Data |
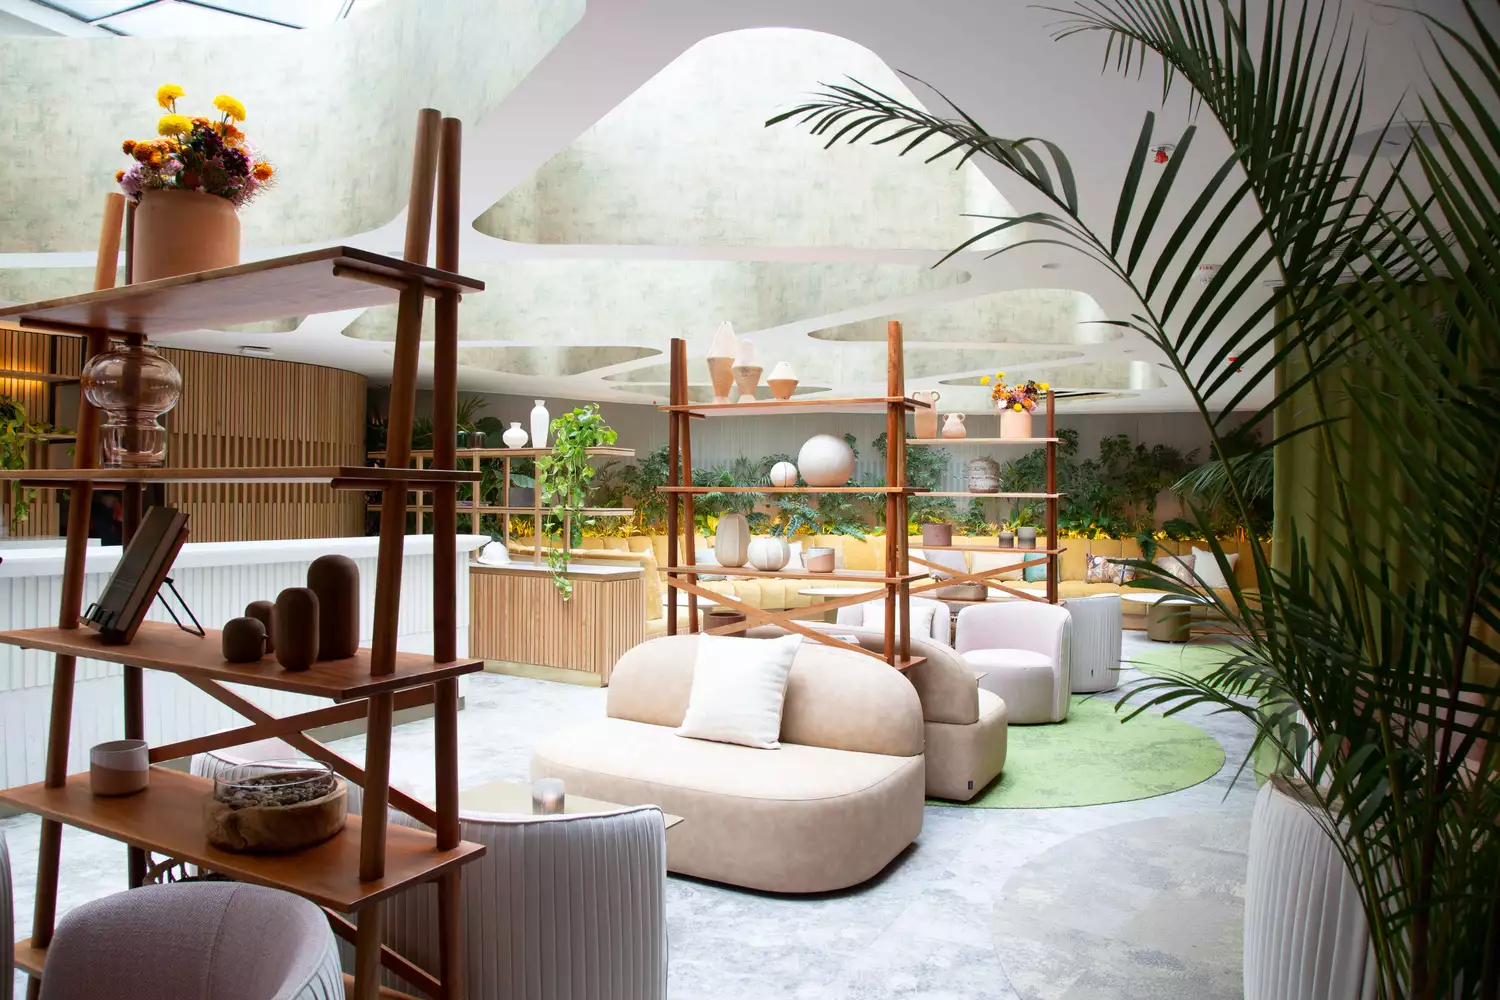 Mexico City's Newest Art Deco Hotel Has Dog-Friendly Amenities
...
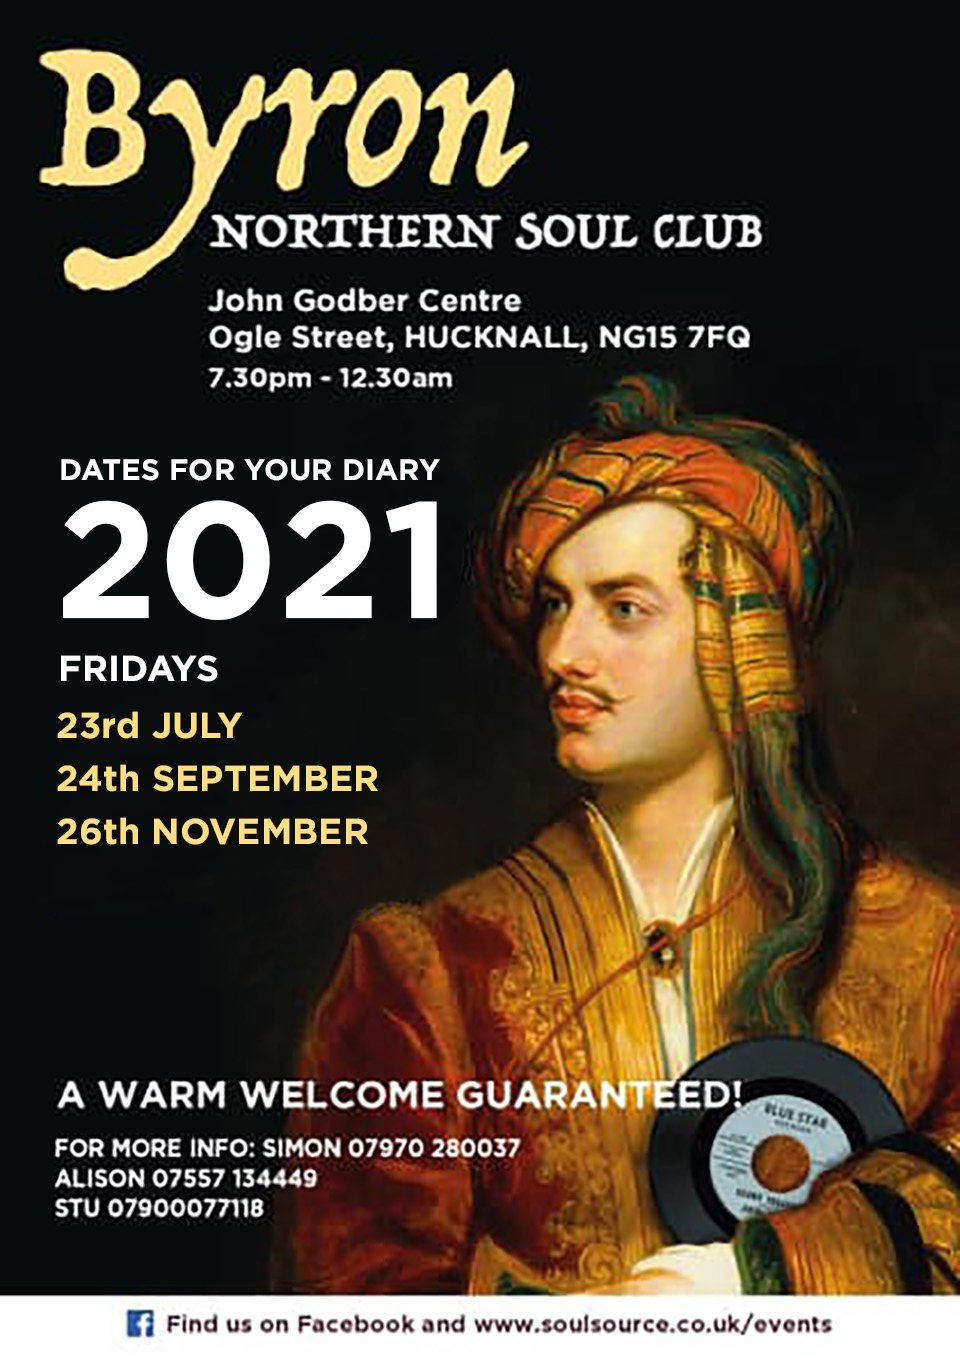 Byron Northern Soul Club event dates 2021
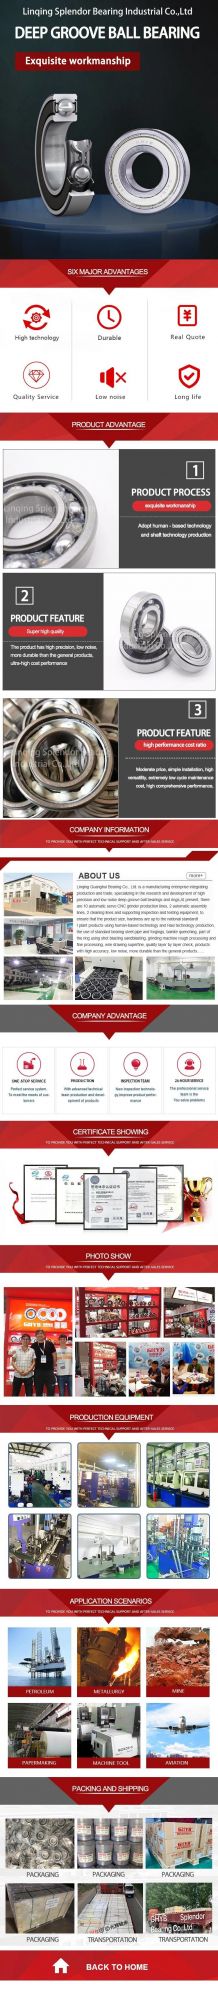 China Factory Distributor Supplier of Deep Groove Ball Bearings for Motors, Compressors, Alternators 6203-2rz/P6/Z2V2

Your goal |
From the records above, copy only the lines running from the line holding "Byron Northern Soul Club event dates 2021" through the line holding "China Factory Distributor", with no pictures.

Result |
 Byron Northern Soul Club event dates 2021
 China Factory Distributor Supplier of Deep Groove Ball Bearings for Motors, Compressors, Alternators 6203-2rz/P6/Z2V2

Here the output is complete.